[[ Data shown, beginning ]]

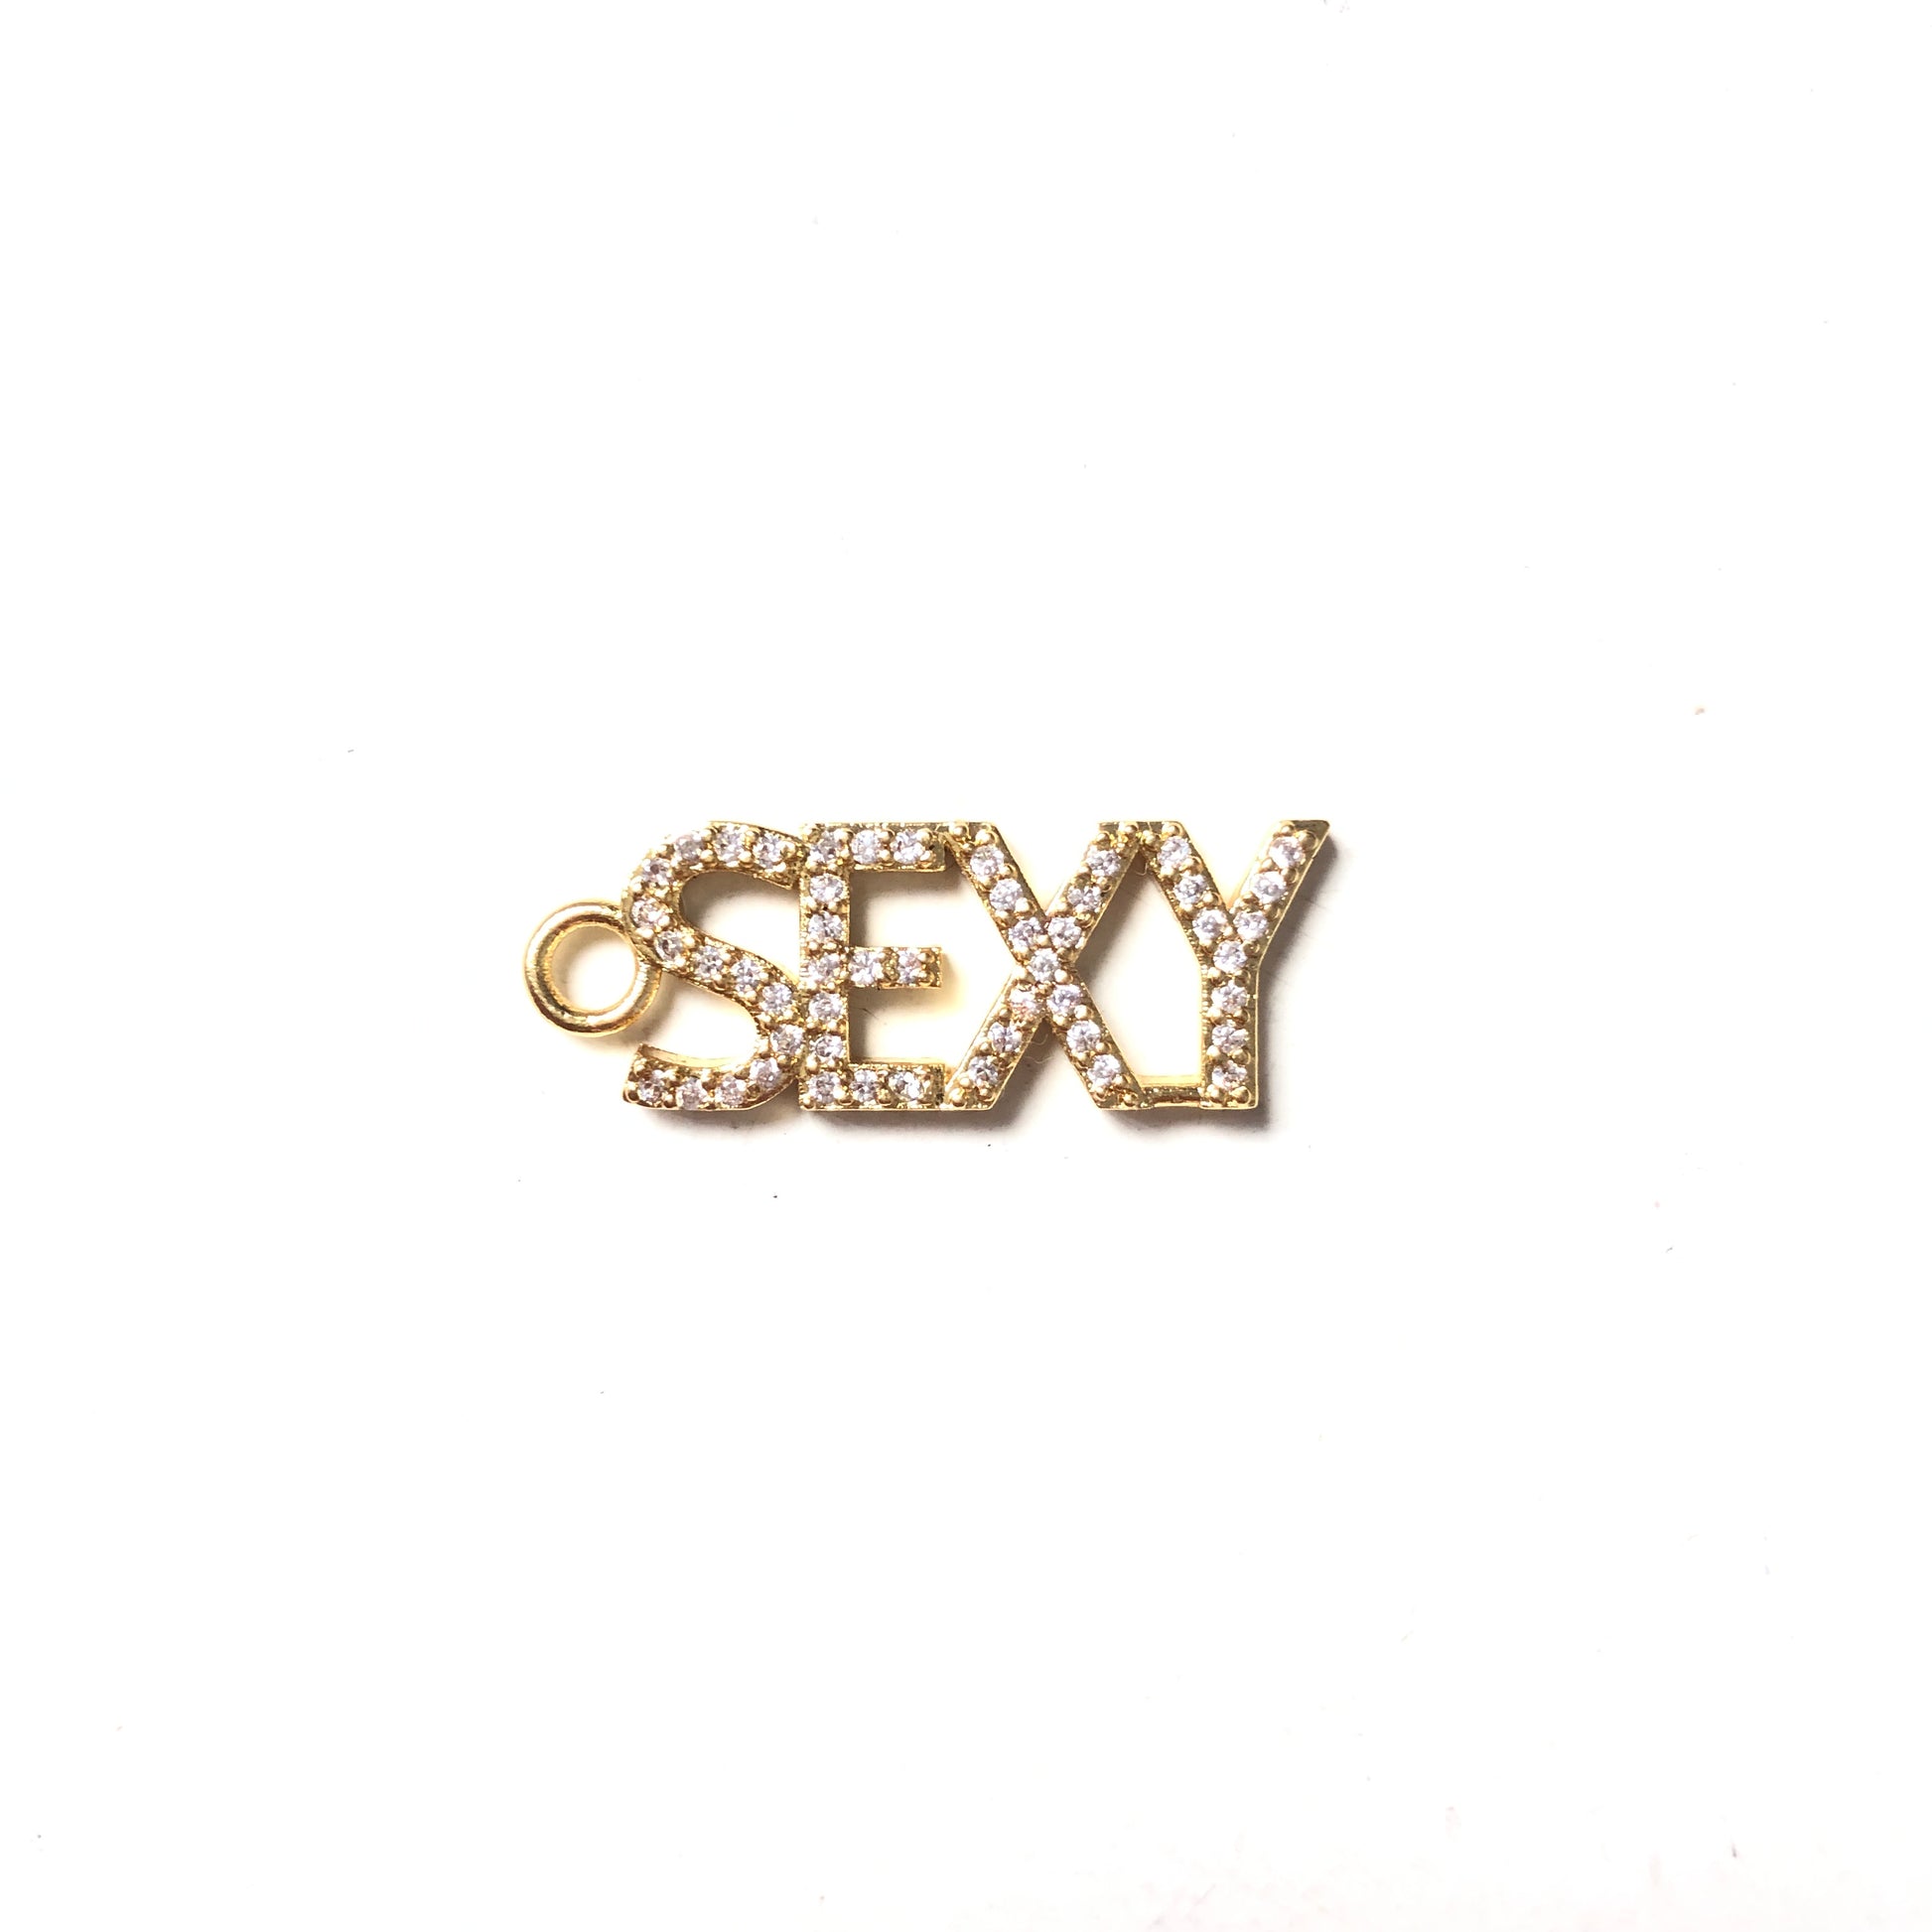 10pcs/lot Gold CZ Paved Letter Charms SEXY-10pc CZ Paved Charms Love Letters Mother's Day Words & Quotes Charms Beads Beyond
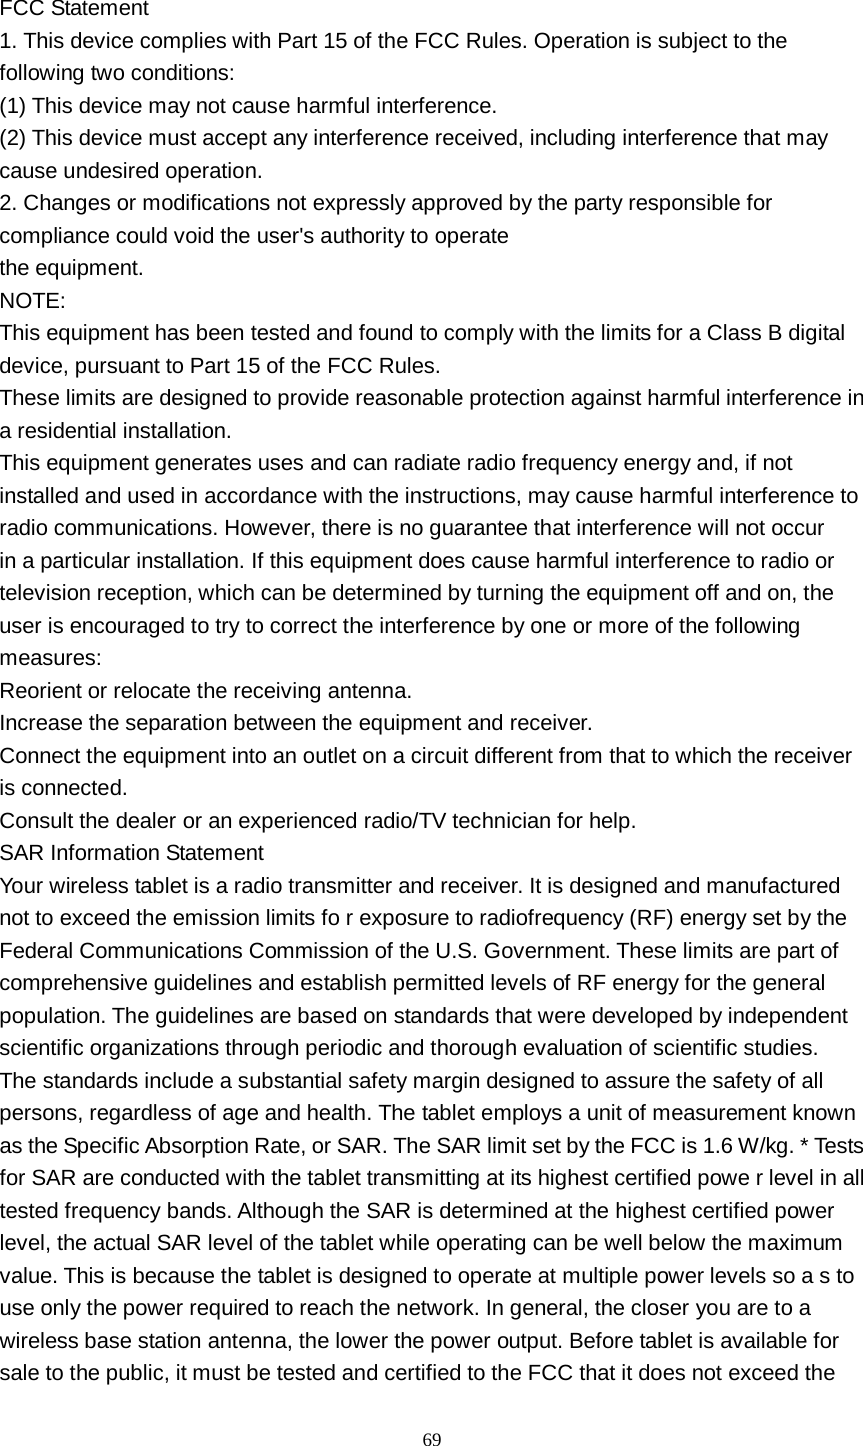      69  FCC Statement 1. This device complies with Part 15 of the FCC Rules. Operation is subject to the following two conditions: (1) This device may not cause harmful interference. (2) This device must accept any interference received, including interference that may cause undesired operation. 2. Changes or modifications not expressly approved by the party responsible for compliance could void the user&apos;s authority to operate the equipment. NOTE: This equipment has been tested and found to comply with the limits for a Class B digital device, pursuant to Part 15 of the FCC Rules. These limits are designed to provide reasonable protection against harmful interference in a residential installation. This equipment generates uses and can radiate radio frequency energy and, if not installed and used in accordance with the instructions, may cause harmful interference to radio communications. However, there is no guarantee that interference will not occur in a particular installation. If this equipment does cause harmful interference to radio or television reception, which can be determined by turning the equipment off and on, the user is encouraged to try to correct the interference by one or more of the following measures: Reorient or relocate the receiving antenna. Increase the separation between the equipment and receiver. Connect the equipment into an outlet on a circuit different from that to which the receiver is connected. Consult the dealer or an experienced radio/TV technician for help. SAR Information Statement Your wireless tablet is a radio transmitter and receiver. It is designed and manufactured not to exceed the emission limits fo r exposure to radiofrequency (RF) energy set by the Federal Communications Commission of the U.S. Government. These limits are part of comprehensive guidelines and establish permitted levels of RF energy for the general population. The guidelines are based on standards that were developed by independent scientific organizations through periodic and thorough evaluation of scientific studies. The standards include a substantial safety margin designed to assure the safety of all persons, regardless of age and health. The tablet employs a unit of measurement known as the Specific Absorption Rate, or SAR. The SAR limit set by the FCC is 1.6 W/kg. * Tests for SAR are conducted with the tablet transmitting at its highest certified powe r level in all tested frequency bands. Although the SAR is determined at the highest certified power level, the actual SAR level of the tablet while operating can be well below the maximum value. This is because the tablet is designed to operate at multiple power levels so a s to use only the power required to reach the network. In general, the closer you are to a wireless base station antenna, the lower the power output. Before tablet is available for sale to the public, it must be tested and certified to the FCC that it does not exceed the 
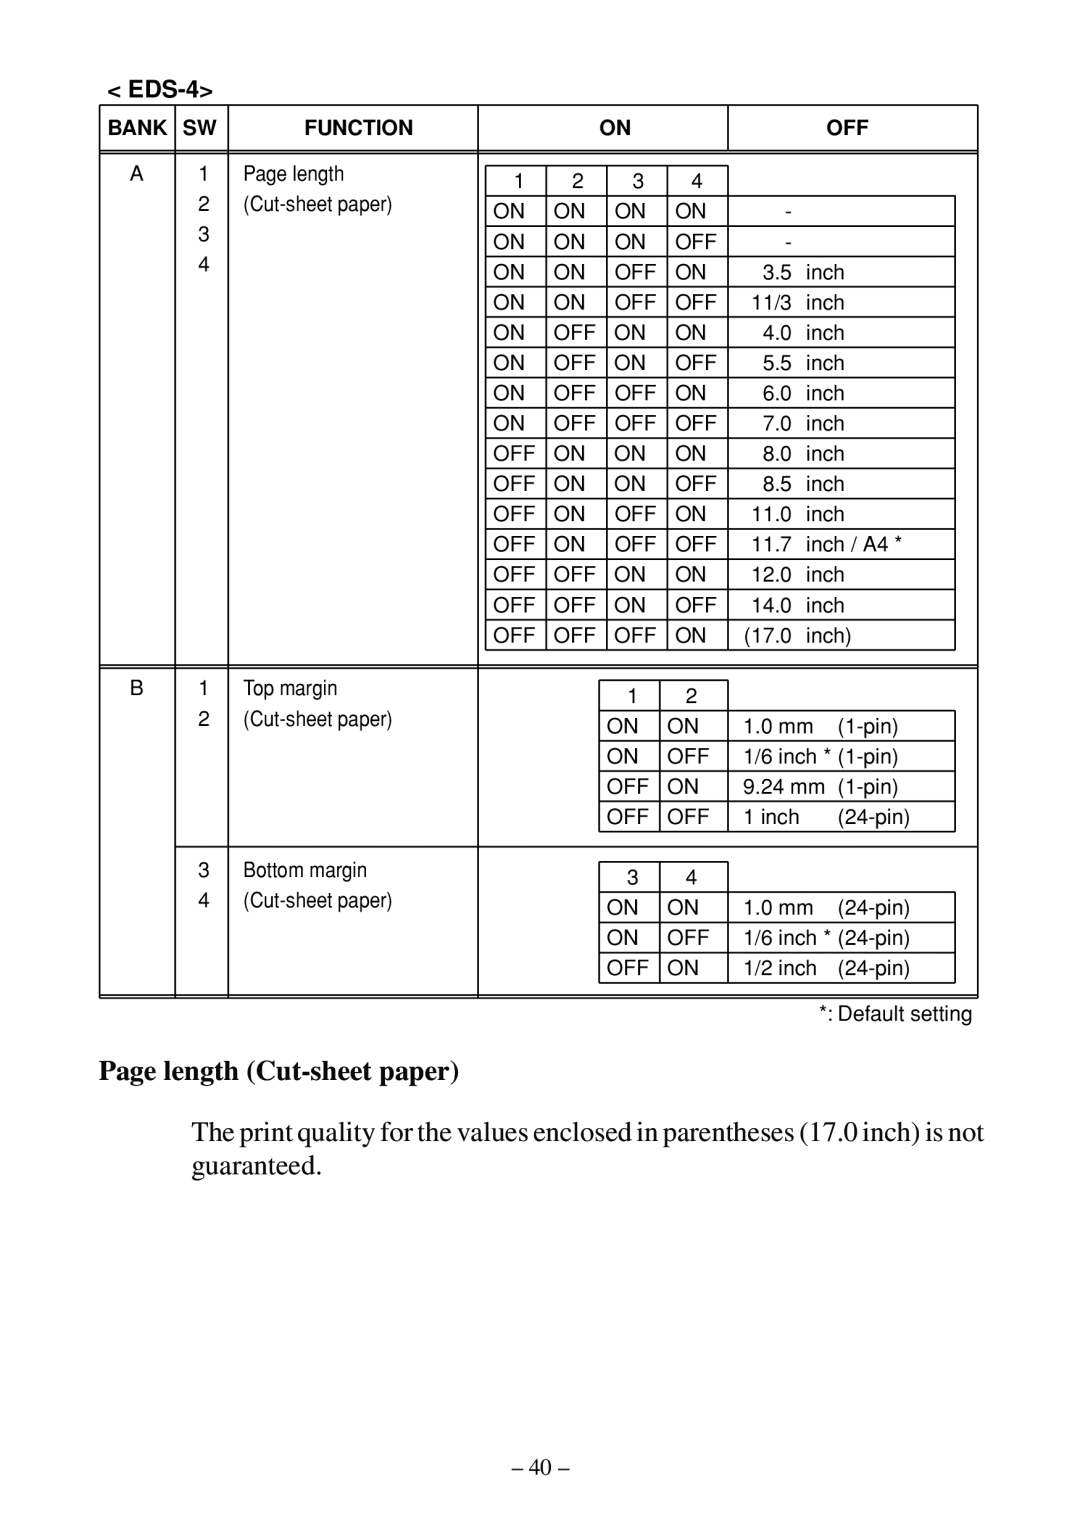 Star Micronics LC-500 user manual Page length Cut-sheet paper, EDS-4, Bank Sw, Function 
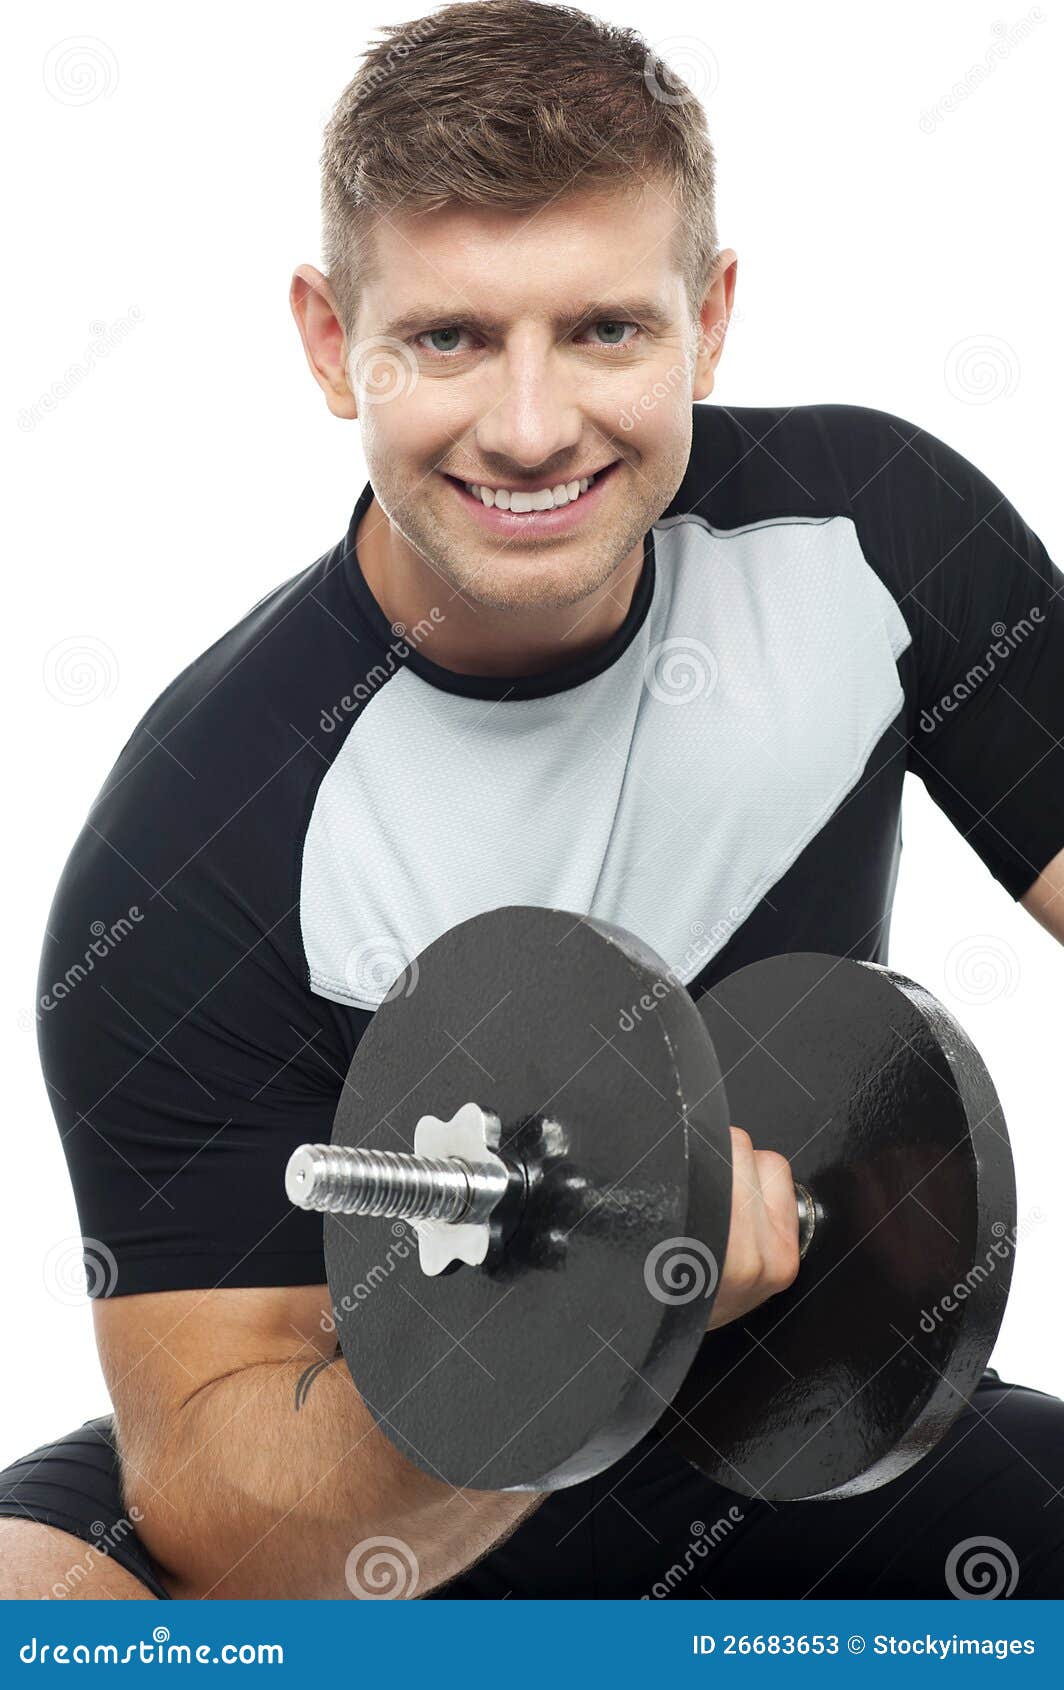 Its workout time stock image. Image of energy, fitness - 26683653

[[ Data shown, end ]]

Activity >> Before handing back the copy, remove the pictures; otherwise print the data exactly.

Expected answer >>
 10pcs/lot Gold CZ Paved Letter Charms SEXY-10pc CZ Paved Charms Love Letters Mother's Day Words & Quotes Charms Beads Beyond
      69  FCC Statement 1. This device complies with Part 15 of the FCC Rules. Operation is subject to the following two conditions: (1) This device may not cause harmful interference. (2) This device must accept any interference received, including interference that may cause undesired operation. 2. Changes or modifications not expressly approved by the party responsible for compliance could void the user&apos;s authority to operate the equipment. NOTE: This equipment has been tested and found to comply with the limits for a Class B digital device, pursuant to Part 15 of the FCC Rules. These limits are designed to provide reasonable protection against harmful interference in a residential installation. This equipment generates uses and can radiate radio frequency energy and, if not installed and used in accordance with the instructions, may cause harmful interference to radio communications. However, there is no guarantee that interference will not occur in a particular installation. If this equipment does cause harmful interference to radio or television reception, which can be determined by turning the equipment off and on, the user is encouraged to try to correct the interference by one or more of the following measures: Reorient or relocate the receiving antenna. Increase the separation between the equipment and receiver. Connect the equipment into an outlet on a circuit different from that to which the receiver is connected. Consult the dealer or an experienced radio/TV technician for help. SAR Information Statement Your wireless tablet is a radio transmitter and receiver. It is designed and manufactured not to exceed the emission limits fo r exposure to radiofrequency (RF) energy set by the Federal Communications Commission of the U.S. Government. These limits are part of comprehensive guidelines and establish permitted levels of RF energy for the general population. The guidelines are based on standards that were developed by independent scientific organizations through periodic and thorough evaluation of scientific studies. The standards include a substantial safety margin designed to assure the safety of all persons, regardless of age and health. The tablet employs a unit of measurement known as the Specific Absorption Rate, or SAR. The SAR limit set by the FCC is 1.6 W/kg. * Tests for SAR are conducted with the tablet transmitting at its highest certified powe r level in all tested frequency bands. Although the SAR is determined at the highest certified power level, the actual SAR level of the tablet while operating can be well below the maximum value. This is because the tablet is designed to operate at multiple power levels so a s to use only the power required to reach the network. In general, the closer you are to a wireless base station antenna, the lower the power output. Before tablet is available for sale to the public, it must be tested and certified to the FCC that it does not exceed the 
 Star Micronics LC-500 user manual Page length Cut-sheet paper, EDS-4, Bank Sw, Function 
 Its workout time stock image. Image of energy, fitness - 26683653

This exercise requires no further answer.